Semantic Invariance in Agentic AI

Imagine you have hired a team of brilliant, hyper-intelligent consultants (these are the AI models) to solve complex problems for your company. You ask them a question, and they give you a perfect answer. You are thrilled.

But then, you ask the exact same question again, just phrasing it slightly differently. Maybe you swap a few words, tell the story in a different order, or add a little extra background context.

The Shocking Discovery:
In many cases, your brilliant consultant suddenly gives you a completely different, wrong, or confused answer. It's as if they forgot what you asked the first time, even though the meaning hasn't changed at all.

This paper is about testing exactly how "jittery" these AI consultants are when you change the wording of their instructions. The authors call this "Semantic Invariance"—a fancy way of saying: "If the meaning is the same, the answer should be the same."

The Experiment: The "Shape-Shifting" Test

The researchers didn't just ask the AI the same question twice. They used a clever testing method called Metamorphic Testing. Think of it like a "shapeshifting" challenge for the AI.

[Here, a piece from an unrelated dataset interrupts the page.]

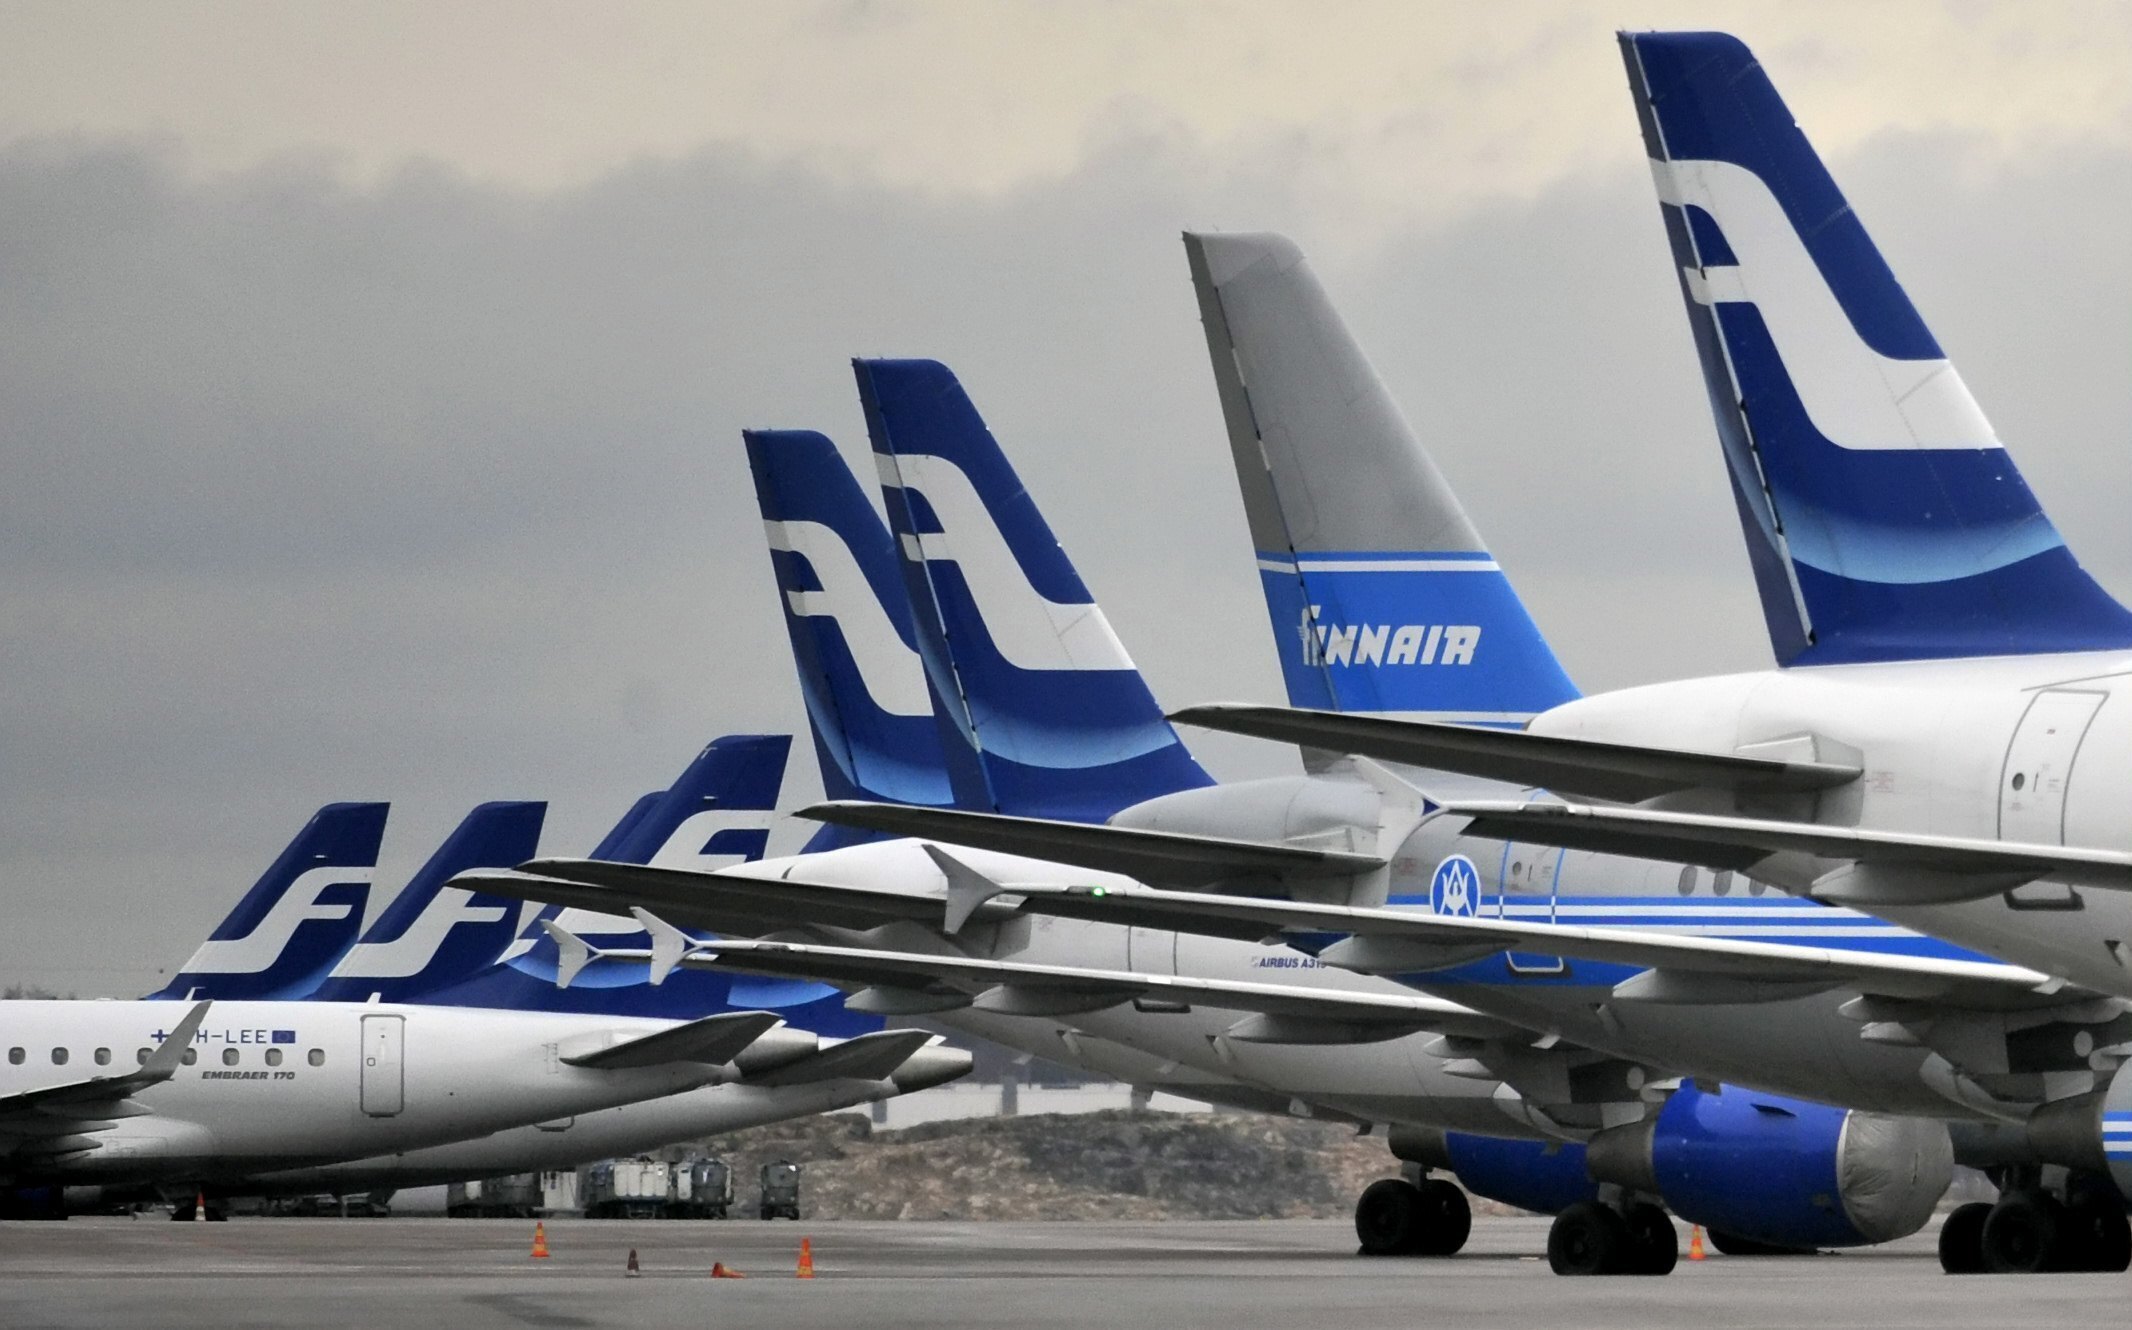 Passenger planes of the Finnish national airline carrier, Finnair, sit on the tarmac at Helsinki Airport in 2009.

They took 19 difficult problems (like math puzzles, physics scenarios, and logic riddles) and gave them to 7 different AI models. But before the AI could answer, the researchers applied 8 different "filters" to the questions:

The Mirror (Identity): Just asking the exact same question (to check if the AI is consistent with itself).
The Translator (Paraphrase): Rewording the question using different synonyms.
The Shuffler (Reorder): Mixing up the order of the facts. (e.g., "The ball is red" then "The ball is heavy" vs. "The ball is heavy" then "The ball is red").
The Storyteller (Expand): Adding extra, unnecessary details to the story.
The Editor (Contract): Cutting out all the fluff and getting straight to the point.
The Professor (Academic Context): Framing the question like a textbook exam.
The CEO (Business Context): Framing the question like a corporate meeting.
The Devil's Advocate (Contrastive): Adding a confusing "what if" scenario or a common mistake to distract the AI.

The Big Surprises

The results turned the common belief that "Bigger is Better" on its head.

1. The "Giant vs. The Sprinter" (Scale vs. Stability)

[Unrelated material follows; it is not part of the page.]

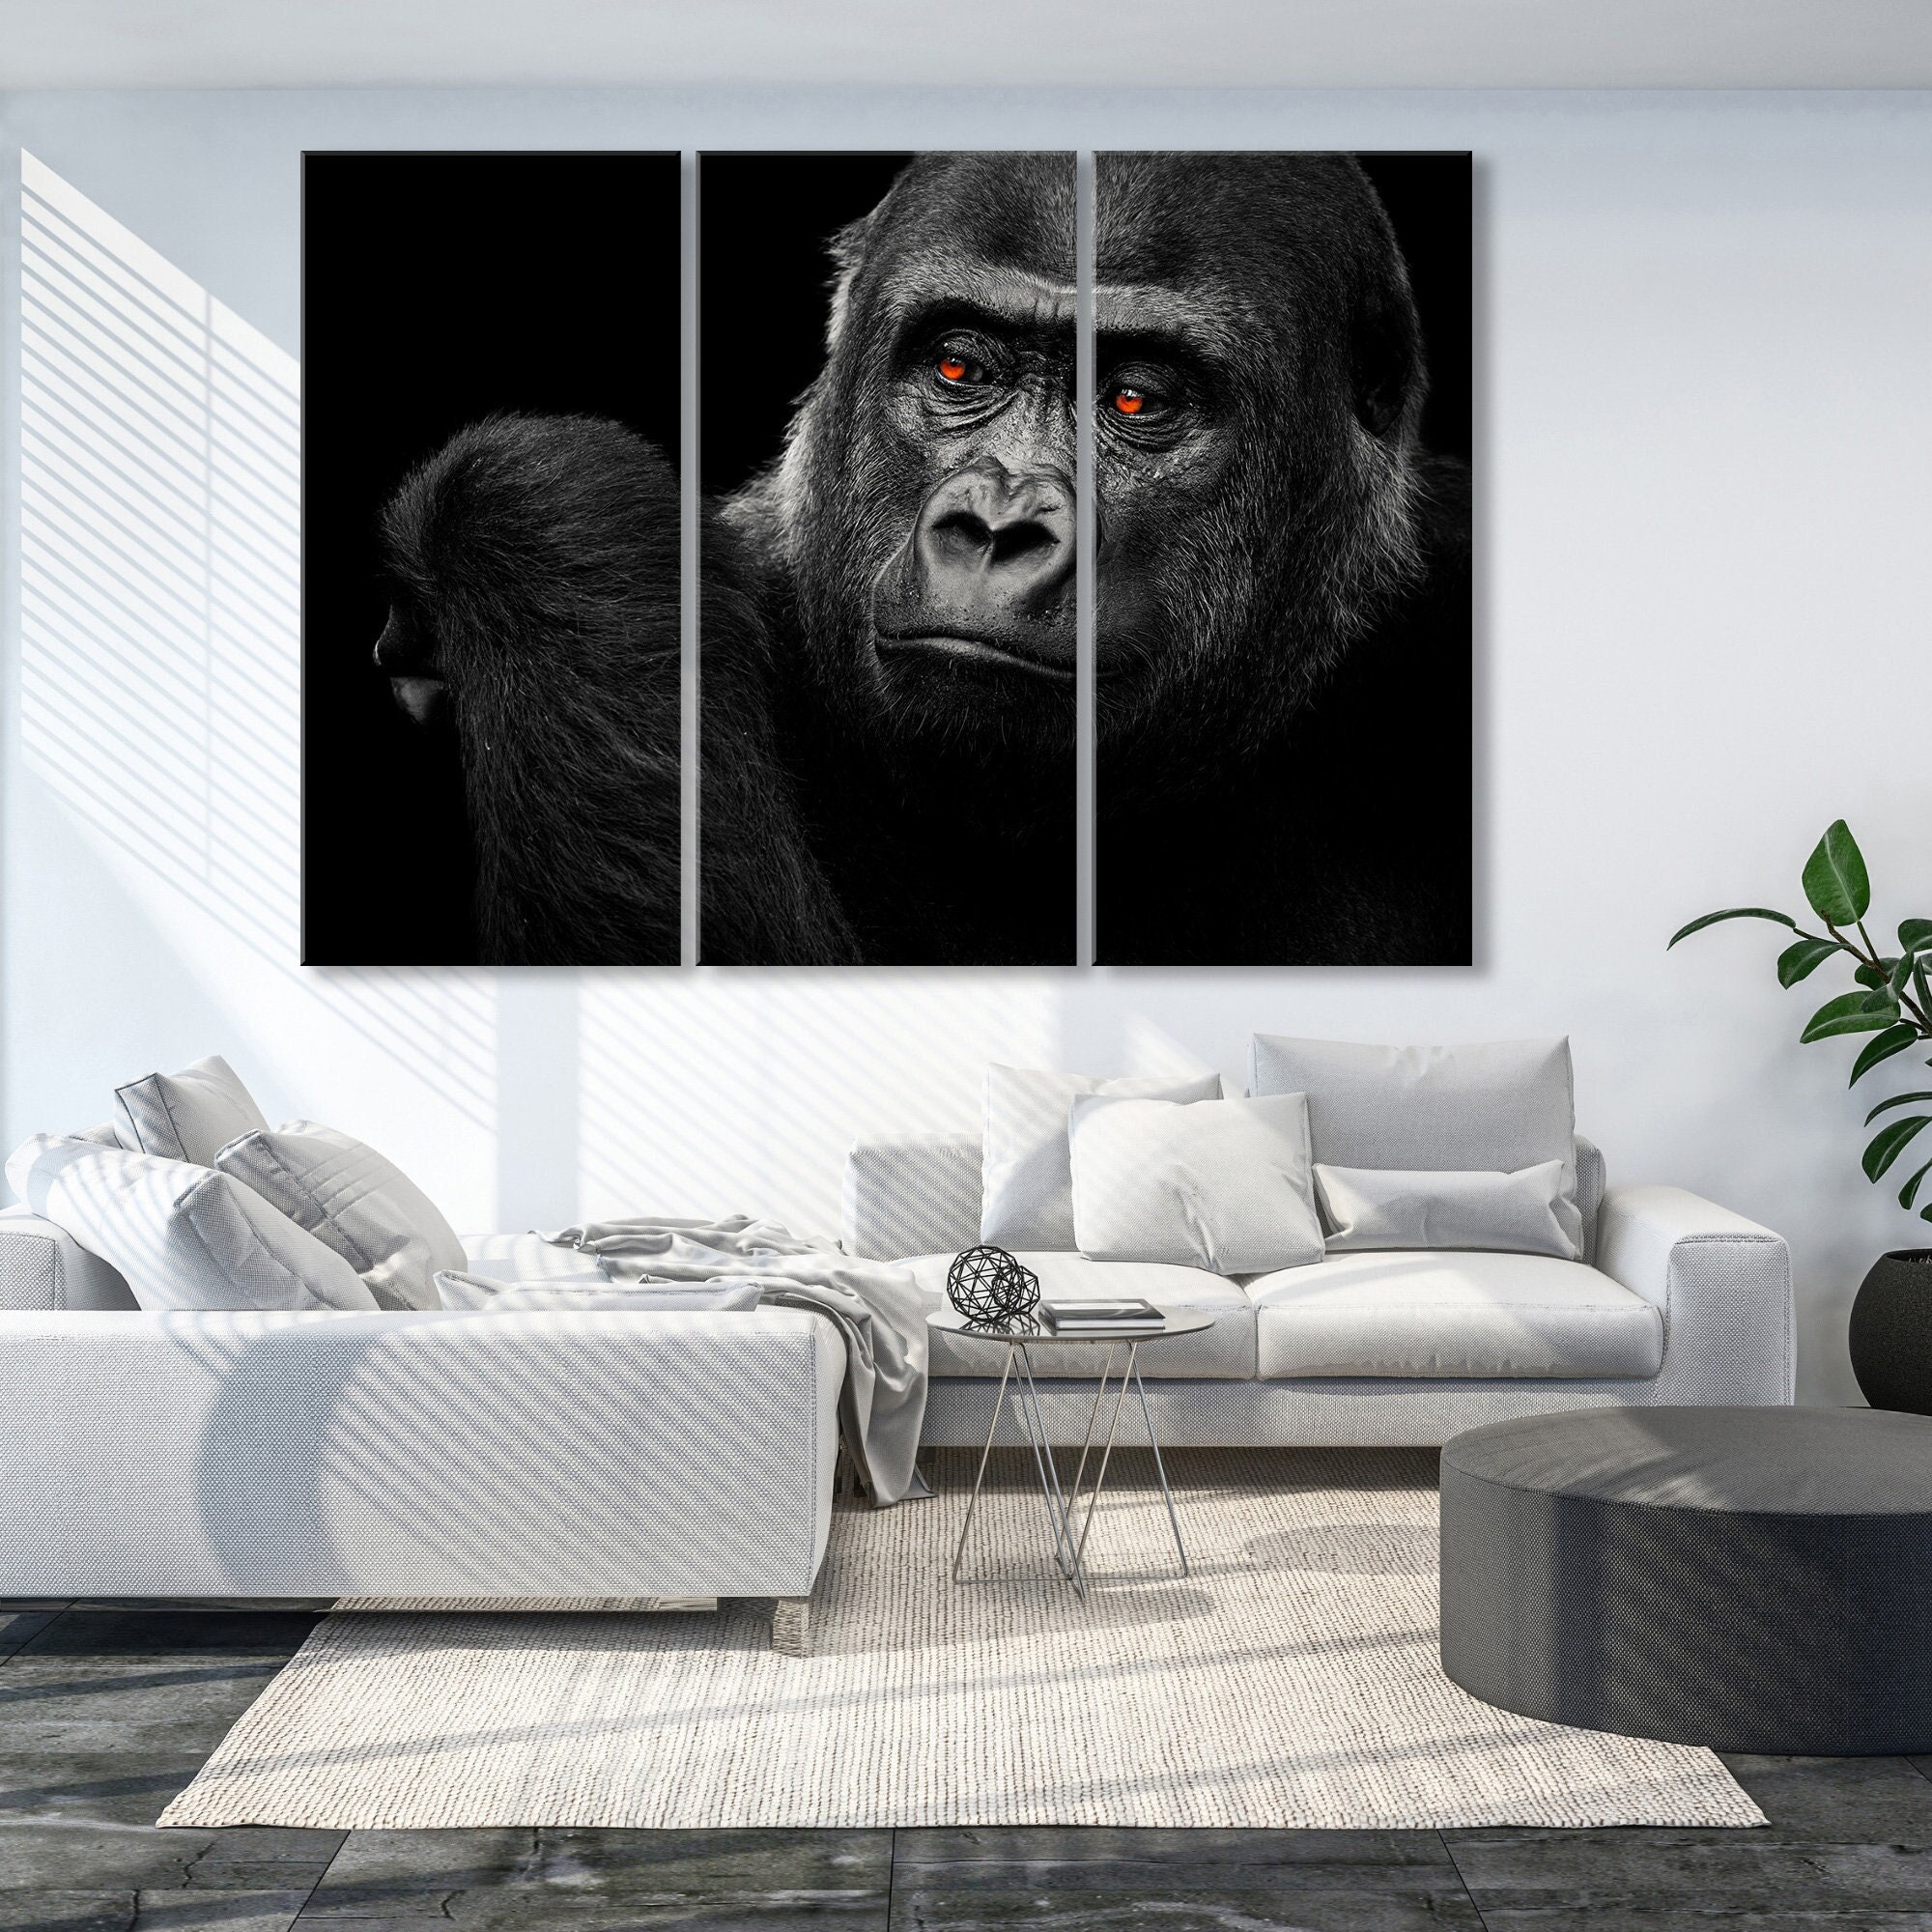 Gorilla Stretched Canvas Print Framed Wall Art Kids Room Decor Painting Animal

Usually, people assume a bigger AI (with more "brain power" or parameters) is smarter and more reliable.

The Reality: The researchers found that the smaller models were often more stable than the giants.
The Analogy: Imagine a massive, 400-ton cargo ship (the huge AI) and a nimble speedboat (the smaller AI). In calm water, the ship is impressive. But if the water gets choppy (the question gets reworded), the ship starts rolling wildly and loses its balance. The speedboat, however, cuts through the waves smoothly and stays on course.
The Winner: A smaller model called Qwen3-30B was the most reliable. It gave the same correct answer 80% of the time, even when the question was twisted. The massive models often got confused and changed their answers.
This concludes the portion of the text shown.